**Introduction**

The Archimedean property is a trait shared by several algebraic structures, such as ordered or normed groups and fields, and is named after the ancient Greek mathematician Archimedes of Syracuse. The condition asserts that if two positive integers x and y are supplied, there is an integer n such that nx > y. It also implies that the set of natural numbers above is unbounded. It is the property of not having indefinitely big or endlessly small constituents, to put it another way. Because it occurs as Axiom V of Archimedes’ On the Sphere and Cylinder, it was Otto Stolz who gave the axiom its name.

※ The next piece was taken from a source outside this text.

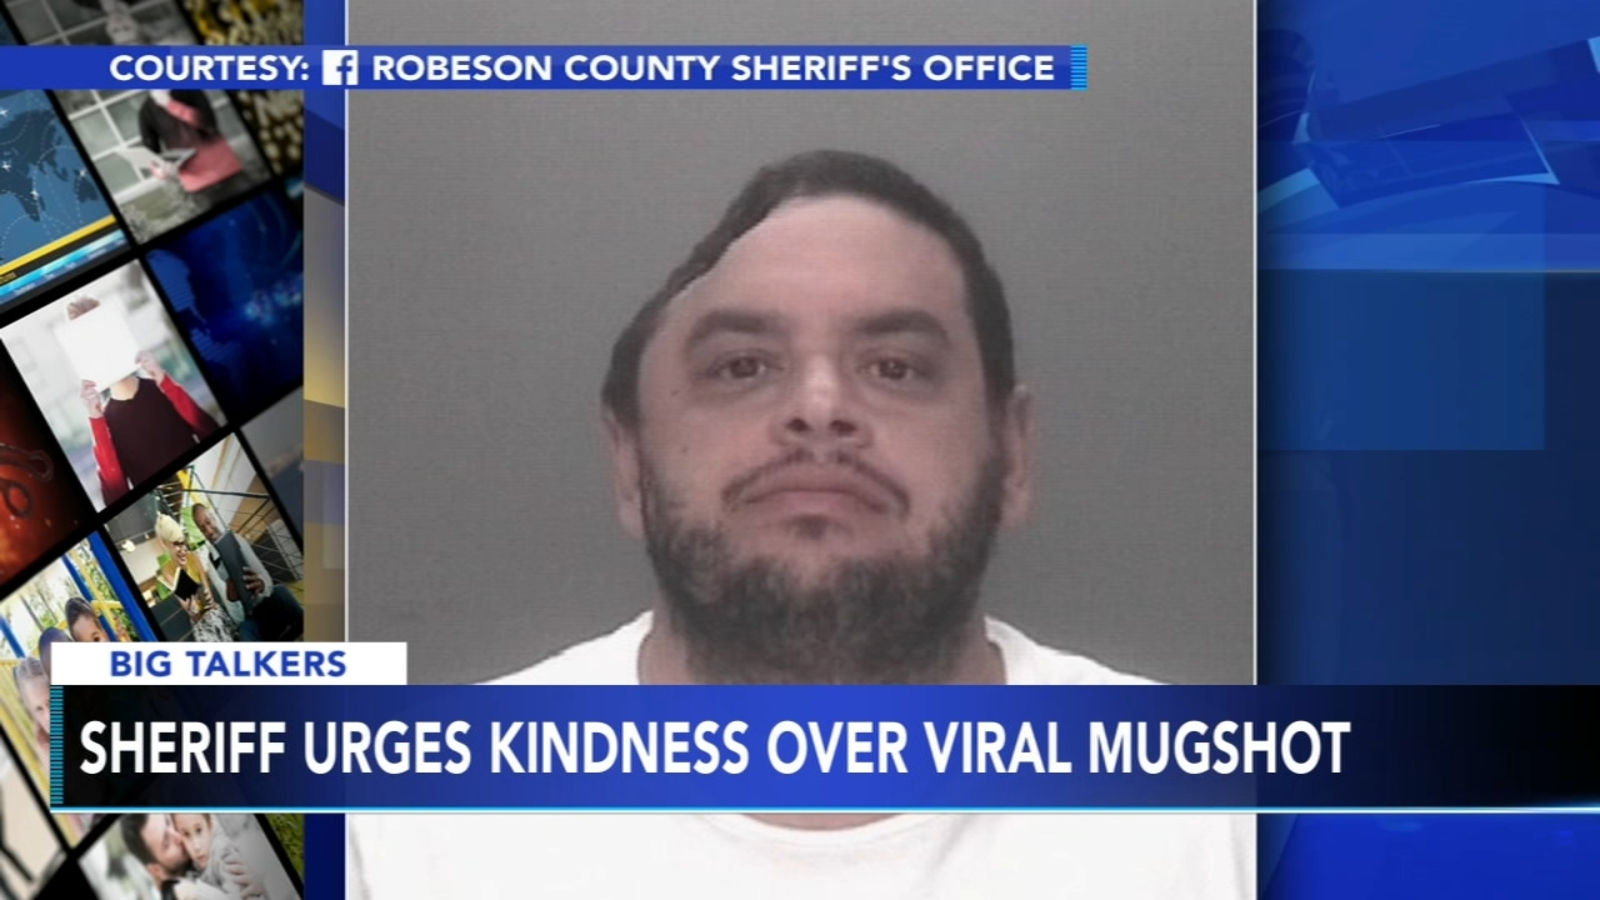 North Carolina police urge kindness over viral mugshot

The idea came from Ancient Greece’s theory of magnitudes, and it’s still used in modern mathematics in places like David Hilbert’s axioms for geometry and the theories of ordered groups, ordered fields, and local fields. Archimedean structure is an algebraic structure in which any two non-zero components are similar in the sense that neither is infinitesimal with regard to the other. Non-Archimedean structures have a pair of non-zero components, one of which is infinitesimal in comparison to the other. A linearly ordered Archimedean group, for example, is an Archimedean group.

With slightly varied phrasing, this may be made more precise in many scenarios. The axiom of Archimedes, for example, formulates this quality in the context of ordered fields, where the field of real numbers is Archimedean but the field of rational functions in real coefficients is not.

History and origin of the name of the Archimedean property

The Archimedean property’s name has a long and illustrious history. Otto Stolz (in the 1880s) named the notion after Archimedes of Syracuse, an ancient Greek geometer and scientist. The Archimedean property is defined as follows in Book V of Euclid’s Elements:

Magnitudes are stated to have a ratio to one another that can surpass one another when multiplied.

It’s also known as the “Theorem of Eudoxus” or the Eudoxus Axiom since Archimedes attributed it to Eudoxus of Cnidus. Infinitesimals were utilised by Archimedes in heuristic arguments, although he rejected that they were complete mathematical proofs.

Examples and non-examples

### Archimedean property of the real numbers

A number of absolute value functions, IxI = 1 when *x* ≠ 0 including the trivial and p-adic absolute value functions, can be given to the field of rational numbers. Every non-trivial absolute value on the rational numbers is identical to either the ordinary absolute value or some p-adic absolute value, according to Ostrowski’s theorem. The rational field is not complete in terms of non-trivial absolute values, but it is a discrete topological space in terms of trivial absolute values, hence it is complete. The field of real numbers is the completion with regard to the typical absolute value (from the order). The field of real numbers is Archimedean both as an ordered and as a normed field as a result of this design. The completions with respect to the other non-trivial absolute values, on the other hand, yield the fields of p-adic numbers (see below); because the p-adic absolute values fulfil the ultrametric condition, the p-adic number fields are non-Archimedean as normed fields (they cannot be made into ordered fields).

Even if the least upper bound condition may fail in constructive analysis, the Archimedean property of real numbers holds.

Non-Archimedean ordered field

Consider the field of rational functions with real coefficients as an example of a non-Archimedean ordered field. (A rational function is any function that can be represented as one polynomial divided by another polynomial; we’ll assume in the rest of this section that the denominator’s leading coefficient is positive.) To make this an ordered field, you must choose an ordering that is consistent with addition and multiplication. Now, f > g is true only if and only if f g > 0, thus we just need to specify which rational functions are positive. If the numerator’s leading coefficient is positive, the function is called positive. (It’s important to double-check that the ordering is clear and compatible with addition and multiplication.) The rational function 1/x is positive but smaller than the rational function 1 according to this definition. In reality, if n is any natural integer, then n(1/x) = n/x is positive but less than 1, regardless of the size of n. As a result, in this field, 1/x is infinitesimal.

His example may be applied to a variety of coefficients. A countable non-Archimedean ordered field is obtained by using rational functions with rational rather than real coefficients. Changing the coefficients to rational functions in a different variable, such as y, results in a different order kind of example.

Non-Archimedean valued fields

The p-adic number fields that are completions and the field of rational numbers supplied with the p-adic metric do not have the Archimedean property as fields with absolute values. Isometrically isomorphic to a subfield of the complex numbers with a power of the typical absolute value are all Archimedean valued fields.

**Conclusion**

The Archimedean property, named after the ancient Greek mathematician Archimedes of Syracuse, is a characteristic shared by various algebraic structures, such as ordered or normed groups and fields. If two positive numbers x and y are given, the condition says that there is an integer n such that nx > y. It also indicates that the above-mentioned collection of natural numbers is infinite. To put it another way, it is the characteristic of not having infinitely large or infinitely small parts.